Самшит и сталь, помноженные на инженерный расчет, делали свое дело без единого скрипа и заедания. Я вернул створки на место. Снова монолит. Снова тайна. Закрытая система. Я снова нажал и триптих вновь явил себя во всей красе.

По ногам потянул сквозняк, мгновенно выстудивший уют кофейного аромата. Дверь кабинета, вроде бы плотно прикрытая, отворилась на вершок, впуская холод из коридора. В образовавшейся щели нарисовалась вихрастая голова Прошки. Он был грязным, видимо опять гонялся за котами, они явно обыгрывали его в этой игре.

Обычно влетающий в комнаты с грацией пушечного ядра, мальчишка сегодня крался, будто воришка. Заметив меня за столом, он уже приготовился дать задний ход, но взгляд его зацепился за складень.

Всё. Пацан «повис».

Застыв в дверях, Прошка начисто забыл о цели визита. Рот приоткрылся. И без того огромные глаза расширились до предела. Он смотрел на драгоценность так, как смотрят на явленное чудо, а не на дорогую безделушку. Мозг дворового мальчишки отказывался обрабатывать увиденное. Чистая магия.

Окликать его я не спешил. Откинувшись на спинку кресла, я с интересом наблюдал за реакцией. Лучшего тест-драйва и придумать нельзя. Если шкет, видевший в жизни только грязь питерских подворотен и подзатыльники, стоит и боится дышать рядом с моим изделием — значит, дизайн удался. Я попал в точку. И это с учетом того, что он уже всяких драгоценностей навидался у меня в «Саламандре».

Часы на стене методично отбивали ритм: так-так-так. Прошка не шевелился, даже вечно шмыгающий нос затих.

— Ты чего там корни пустил, Прохор? — негромко спросил я, разрушая наваждение. — Или призрака увидал?

Мальчишка вздрогнул всем телом, словно получил разряд тока. Взгляд метнулся ко мне, снова на стол, потом в пол. Щеки залило густым румянцем. Судорожно вытерев ладонь о штанину, он попытался собраться с мыслями.

— Варвара Павловна… это… — пробормотал он, спотыкаясь на каждом слове. — Завтракать кличут. Стынет все. Ругаться изволят.

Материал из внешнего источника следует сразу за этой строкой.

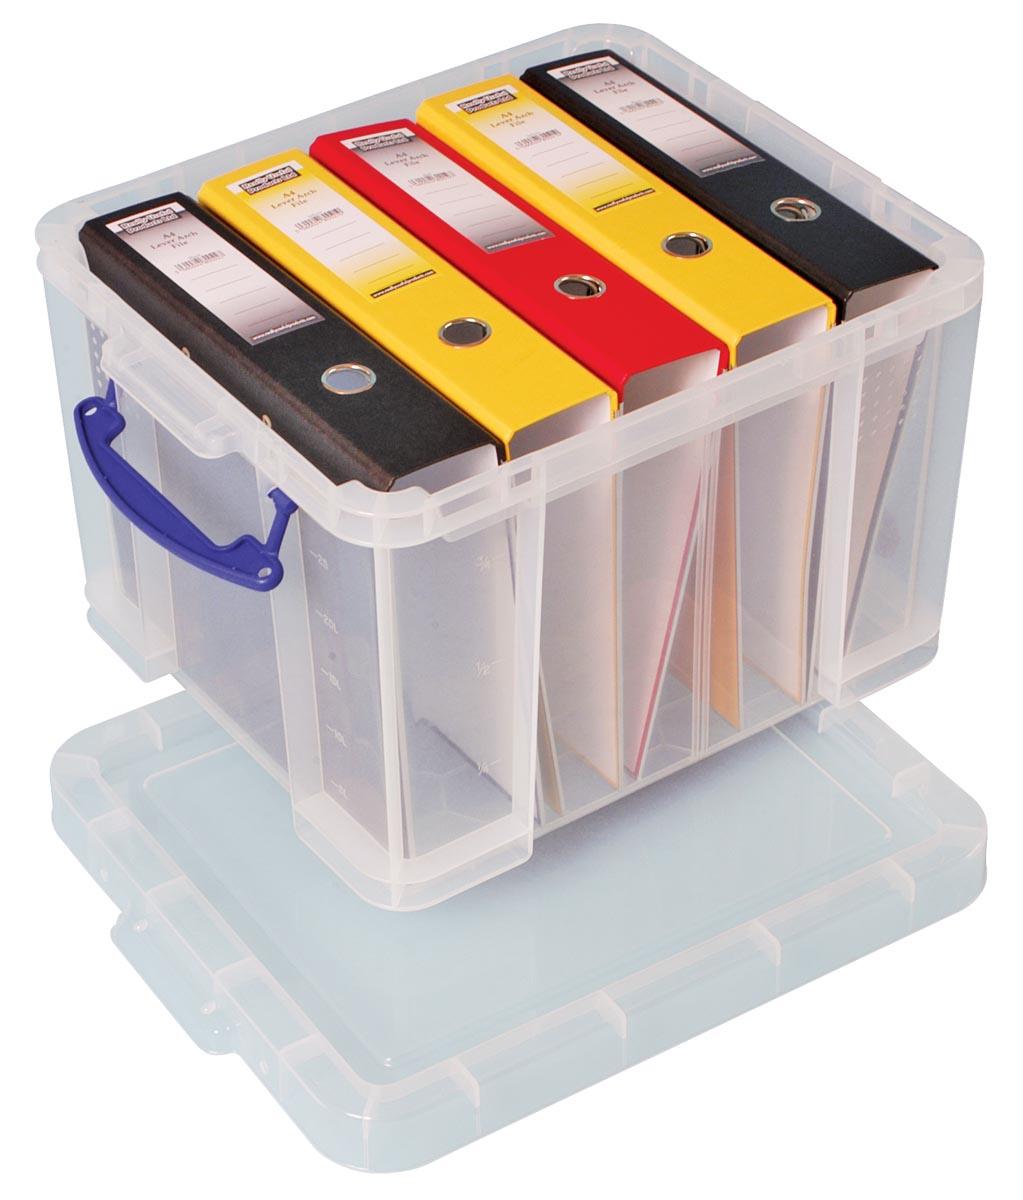 Really Useful Boxes Archiefboxen Transparant Plastic Met deksel 48 x 39 x 31 cm Stuks

Я усмехнулся, чувствуя, как уходит напряжение.

— Нравится? — кивок в сторону складня.

Прошка поднял глаза. В них плескался такой незамутненный восторг, что где-то под ребрами стало тепло.

— Страсть как нравится, Григорий Пантелеич! — выдохнул он, забыв про свое стеснение. — Он… он как живой. Темный, а вроде и светится из нутра. Будто там… тайна какая великая заперта.

Это он еще не видел работу дефлектора и зажженной свечи.

Переминаясь с ноги на ногу, он явно боролся с желанием задать вопрос. Любопытство перевешивало страх.

— Спрашивай, — разрешил я, покручивая в руках трость с набалдашником-саламандрой.

— А как… — он набрал в грудь побольше воздуха. — Как у вас так выходит, барин? Вроде железяки да камни, молотком стучите, что-то пилите, стружка летит… А выходит… чудо. Вы что, слово какое знаете? Заветное?

В этом наивном вопросе крылась вся суть моего ремесла. Как превратить холодную материю и сопромат в чистую эмоцию? Как заставить металл говорить?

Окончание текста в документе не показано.